Furthermore, according to critics, there seems to be neither guarantee over the possibility of data manipulation by the same spyware used to collect them, nor any kind of protection against the possibility of accessing such data by judicial authority before any notification has been sent to a suspect and his lawyer.
In this scenario, the main purpose shall remain to regulate the use of trojans within the framework of national constitutional guarantees, by always keeping an eye on the limited elasticity of the criminal procedure code’s provisions on the collection of evidence within the course of an enquiry.
Another important provision regards the introduction of third-party certification mechanisms for spyware, as well as the creation of a mandatory national registry for keeping track of the dissemination of such tools in the national territory while guaranteeing a strict control on whoever is authorized to use and have access to them and for what purpose.
Is it possible, however, to trust spyware certifications while keeping up with the ever-changing international scenario of technological development?
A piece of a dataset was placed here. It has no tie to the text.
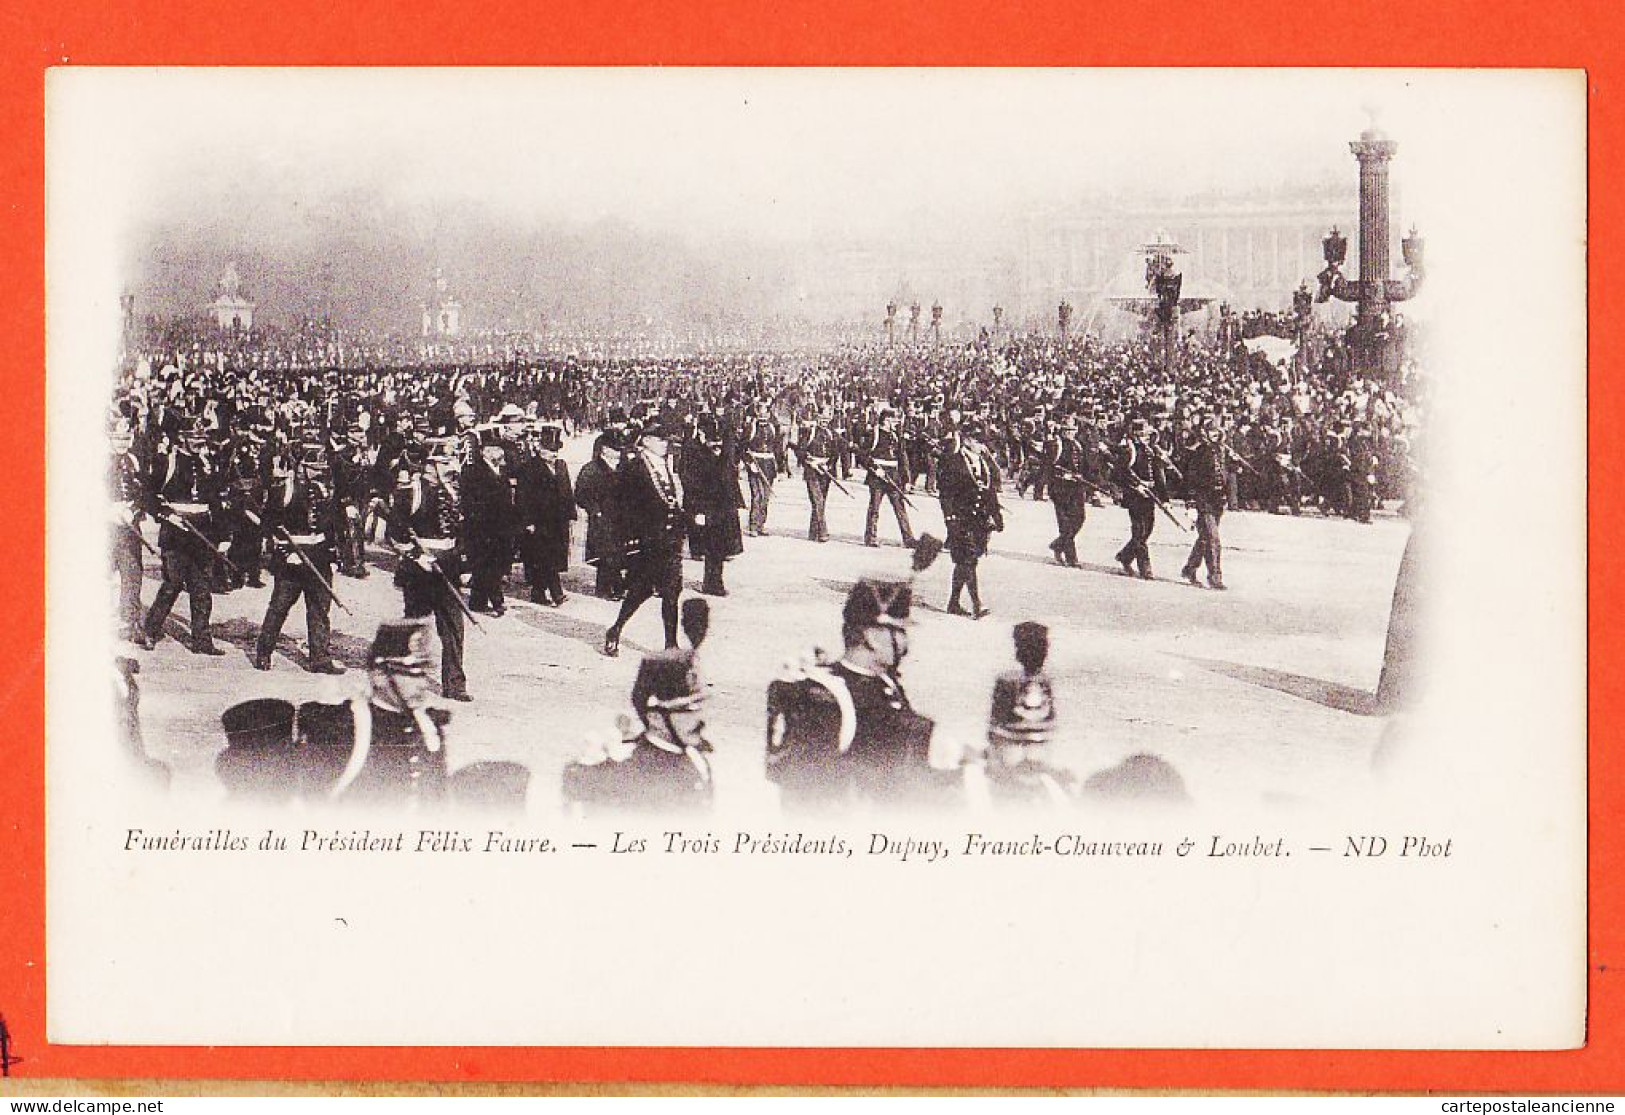 29106 / ⭐ Peu Commun PARIS 23 FEVRIER 1899 Funerailles Président FELIX FAURE 3 Présidents DUPUY FRANCK-CHAUVEAU LOUBET  - Funeral

The current legislative proposal does not seem to address this point, therefore the question remains unanswered and up for further discussions to come.
In conclusion, a serious process of reform seems to be finally on the move and although the direction it will take is unpredictable at the moment, there are still good chances of success if the Parliament will receive the proactive support from competent public authorities – with particular reference to the Italian Data Protection Authority, the National Agency for Digital Development and the Ministry of Justice – aiming at building a constructive interaction for finalizing a thorough discipline of state hacking in all its forms.
While ongoing parliamentary debate about the proposal continues, questions on how to cope with the potential intrusiveness of such tools in an effective way or how to better preserve individuals’ rights from state hacking still stands and shows no sign of backing off from the imperishable private vs. security worldwide public debate.
Finally though, space for further legislative maneuvering on the proposal is likely to be needed, and that will definitely impose legislators and regulators to be, first of all, patient and, not less important, show the capability of balancing all the interests at stake in order to avoid the risk of creating a new judicial “Far West” in which the use of spyware could become the rule or, even worse, being left largely unregulated.